The softlockup watchdog triggered because kjournald got stuck in D state
for over 2 minutes. However Marcelo told me that it did get going
eventually...
He had a rather easy to reproduce case IIRC, I'll let him tell you more
about it :-)
^ permalink raw reply [flat|nested] 7+ messages in thread
* Re: BUG: ext3 hang in transaction commit
2008-04-03 15:08 ` Peter Zijlstra
@ 2008-04-03 16:15 ` Marcelo Tosatti
2008-04-04 10:34 ` Jan Kara
0 siblings, 1 reply; 7+ messages in thread
From: Marcelo Tosatti @ 2008-04-03 16:15 UTC (permalink / raw)
To: Peter Zijlstra; +Cc: Jan Kara, David Chinner, lkml, marcelo
On Thu, Apr 03, 2008 at 05:08:55PM +0200, Peter Zijlstra wrote:
>
> Marcelo has seen something similar, kjournald got stuck and the rest of
> userspace piled on top of it.
>
> The softlockup watchdog triggered because kjournald got stuck in D state
> for over 2 minutes.

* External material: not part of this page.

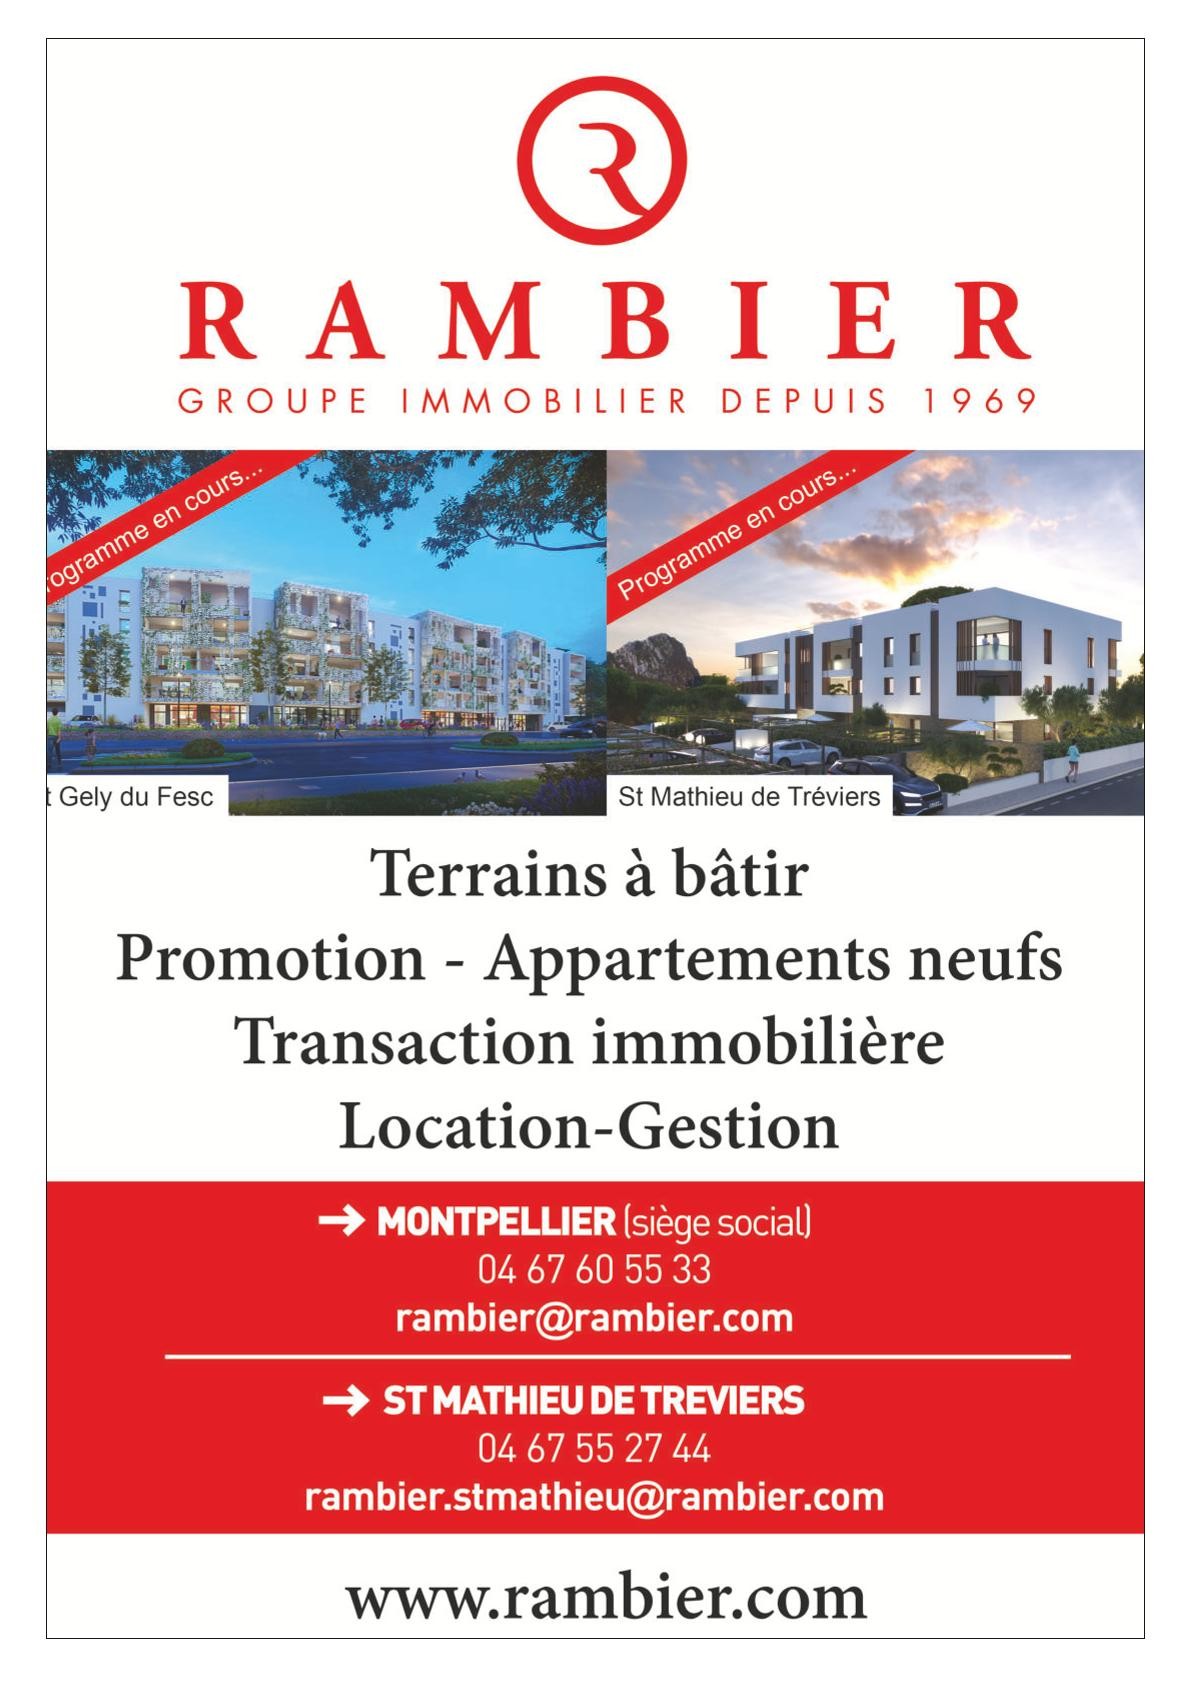 Rambier Immobilier

However Marcelo told me that it did get going
> eventually...
>
> He had a rather easy to reproduce case IIRC, I'll let him tell you more
> about it :-)
Run iozone (-t 4) with a sufficiently large file size under a KVM guest
with a disk file residing in an ext3 filesystem with ordered data mode.

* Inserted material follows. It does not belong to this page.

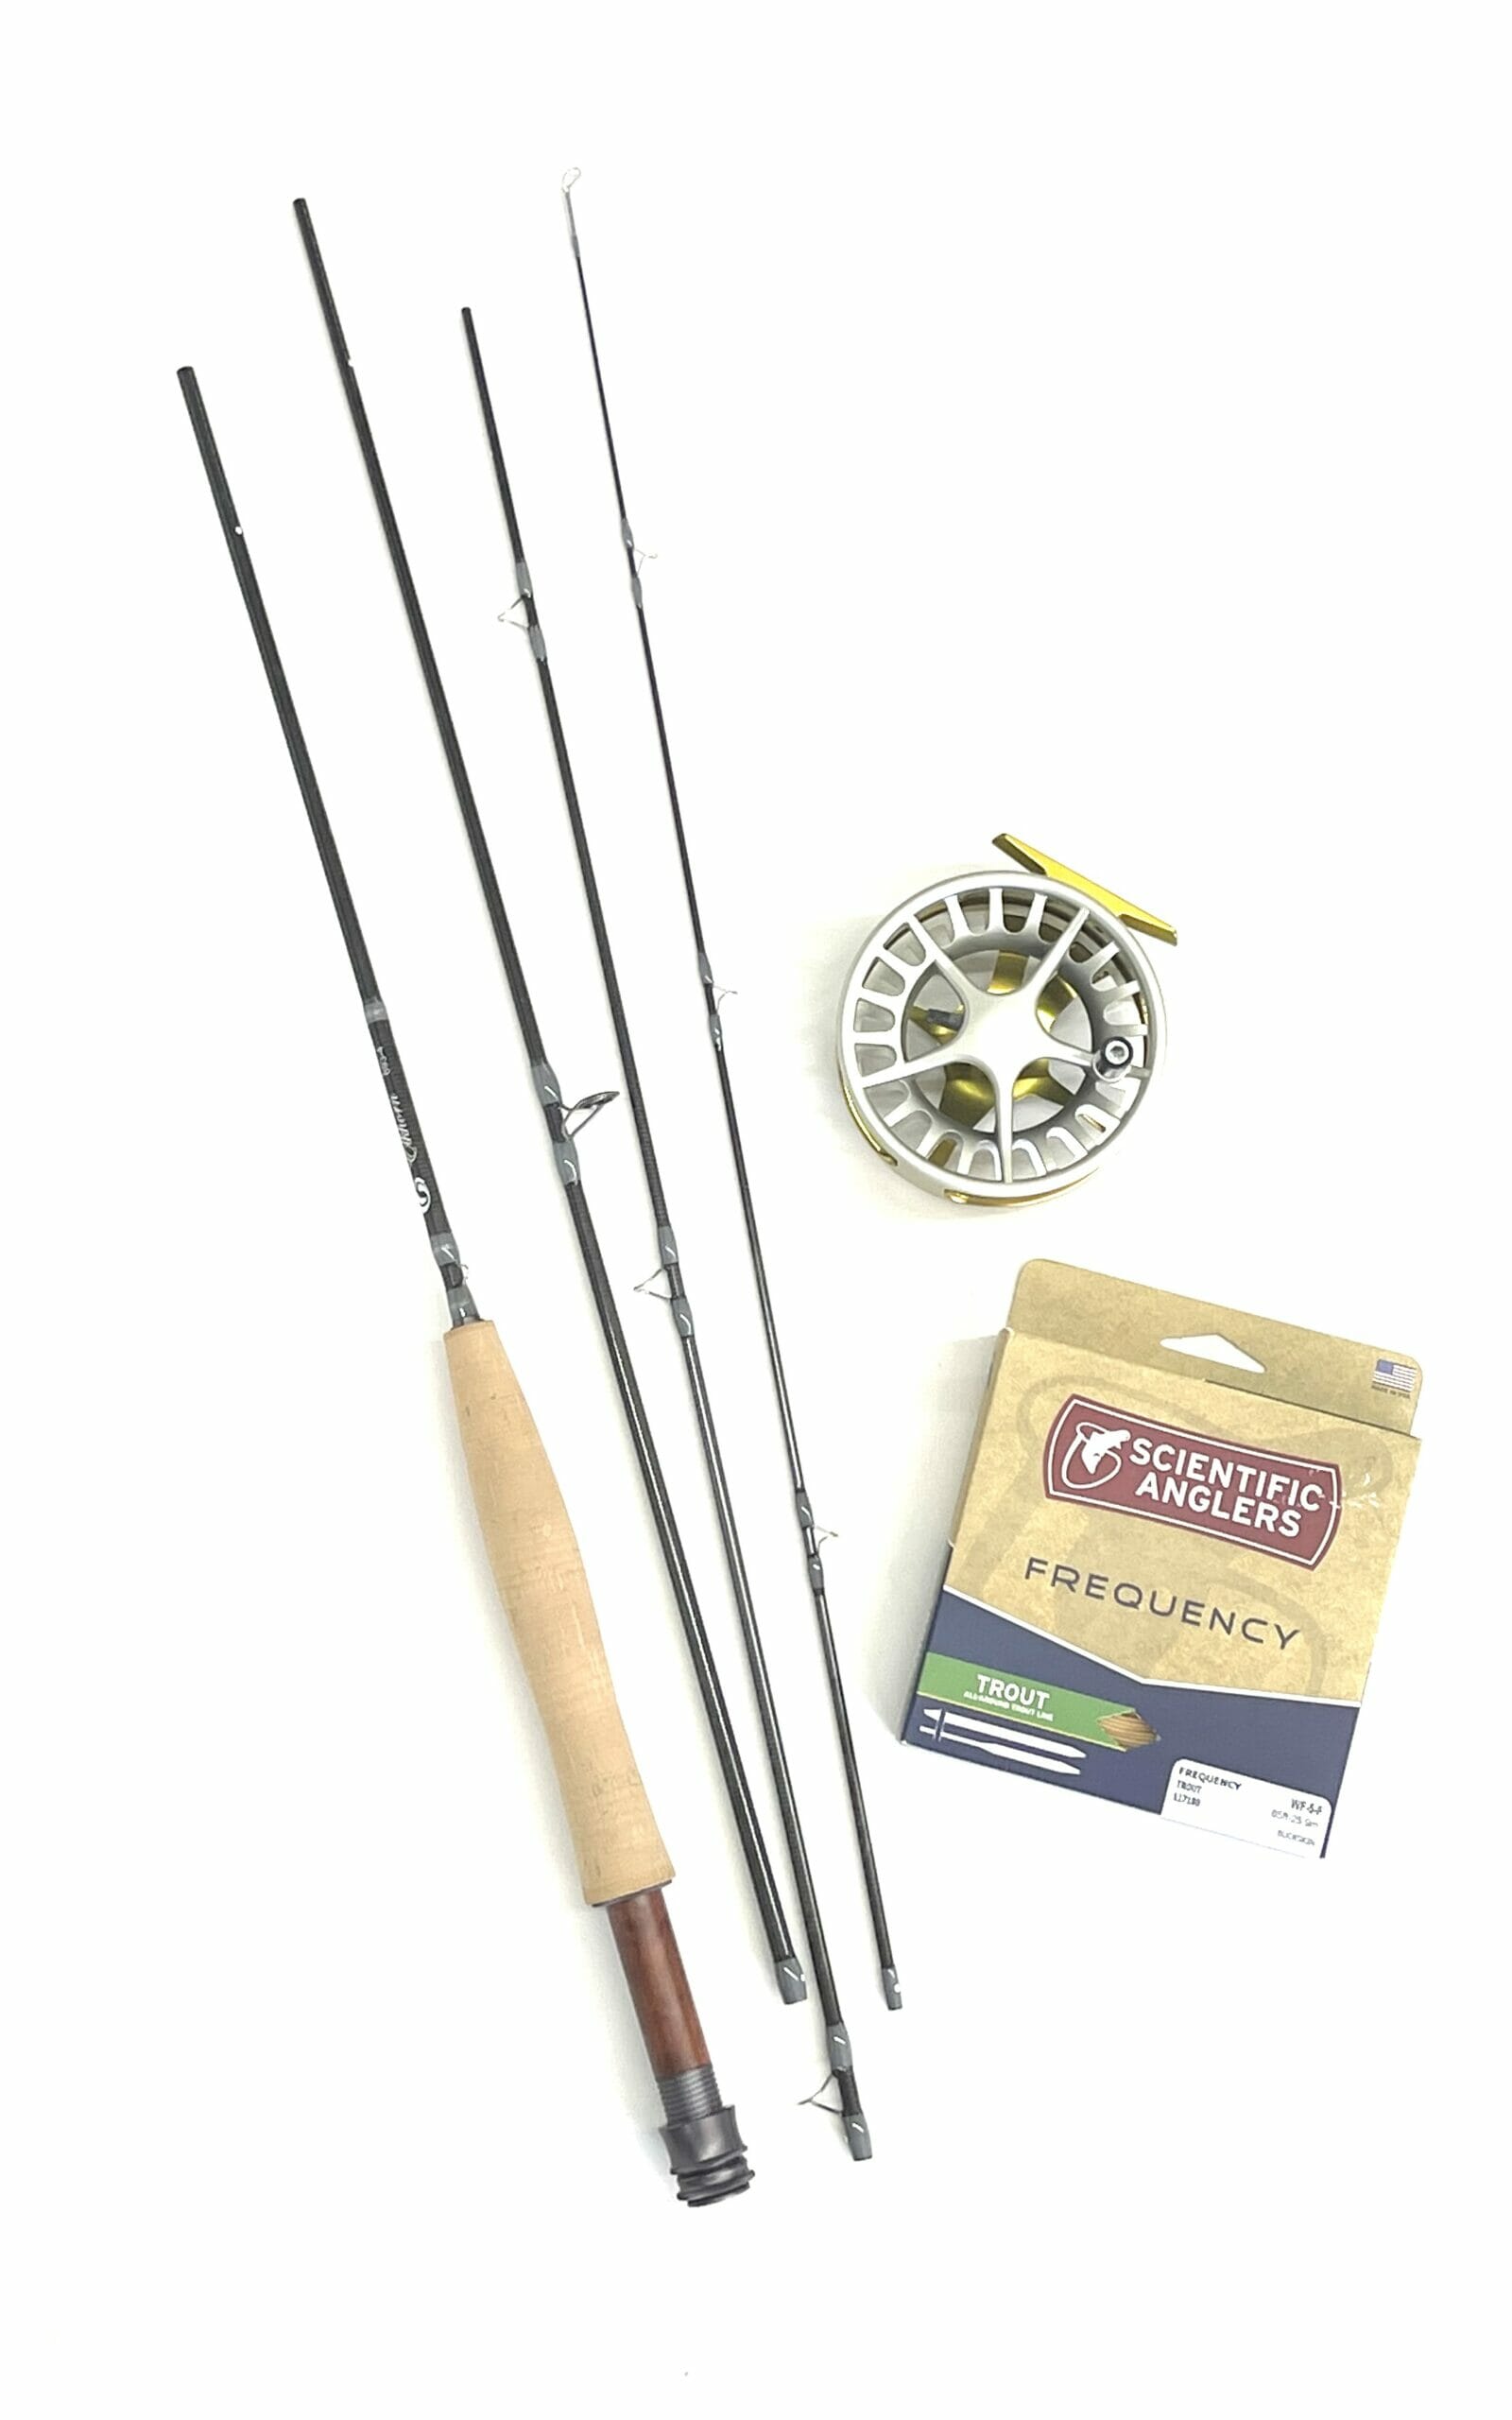 Home Page - Elkhorn Fly Rod & Reel

There's nothing special in this testcase, boils down to the QEMU process
writing data to a file.
Issue is not seen under "writeback" mode. While fsync latency in ordered
data mode is known to be bad, _2 minutes_ feels more like a DoS rather
than latency issue to me.
vmstat 2 output on the host shows that the first write pass (initial
writers and rewriters) blasts at full disk speed:
0 2 0 6552980 748972 662876 0 0 58 69838 322 9912 5 6 78 10 0
1 1 0 6493620 779452 693596 0 0 10 54884 417 7032 1 3 78 17 0
1 2 0 6322968 870556 772156 0 0 58 43042 379 12651 4 7 77 12 0
1 1 0 6248416 915004 806428 0 0 20 37600 367 7800 2 4 71 23 0
1 0 0 5981148 1070300 906120 0 0 88 64 243 19734 8 10 80 1 0
0 4 0 5875992 1165220 906700 0 0 80 62620 332 13192 5 7 76 13 0
0 4 0 5867244 1177440 906724 0 0 10 66728 385 2753 1 2 66 31 0
0 2 0 5792912 1252668 907900 0 0 86 26288 401 12130 4 6 72 18 0
2 0 0 5760280 1290860 908092 0 0 18 34704 487 7130 2 3 80 15 0
But in the "mixed workload" stage write throughtput slows down drastically:
0 2 0 5666016 468036 1823052 0 0 0 1248 433 8236 5 5 83 7 0
0 2 0 5666016 468036 1823052 0 0 0 3162 899 679 0 0 78 22 0
0 2 0 5666016 468036 1823052 0 0 0 3290 864 829 0 0 76 24 0
0 2 0 5666024 468036 1823052 0 0 0 3414 925 2170 1 1 79 19 0
1 1 0 5665528 468036 1823052 0 0 0 3148 854 7935 6 6 83 4 0
0 2 0 5665024 468036 1823052 0 0 0 2570 799 4065 3 4 80 13 0
0 2 0 5665024 468036 1823052 0 0 0 2462 779 464 0 0 88 12 0
0 2 0 5664908 468036 1823052 0 0 0 2458 794 1028 0 0 88 12 0
1 1 0 5664908 468036 1823052 0 0 0 2548 799 4153 2 2 87 9 0
Which can be seen in the iozone performance inside the guest:
Children see throughput for 4 mixed workload = 106073.50 KB/sec
Parent sees throughput for 4 mixed workload = 2560.13 KB/sec
Min throughput per process = 3700.33 KB/sec
Max throughput per process = 66393.62 KB/sec
Avg throughput per process = 26518.38 KB/sec
Min xfer = 44424.00 KB
And this is when fsync becomes nasty.
blktrace output shows that the maximum latency for a single write
request io complete is 1.5 seconds, which is similar to what is seen
under "writeback" mode.
I reduced hung_task_timeout_secs to 30 for this report, but vim and
rsyslogd have been seen hung up to 120 seconds.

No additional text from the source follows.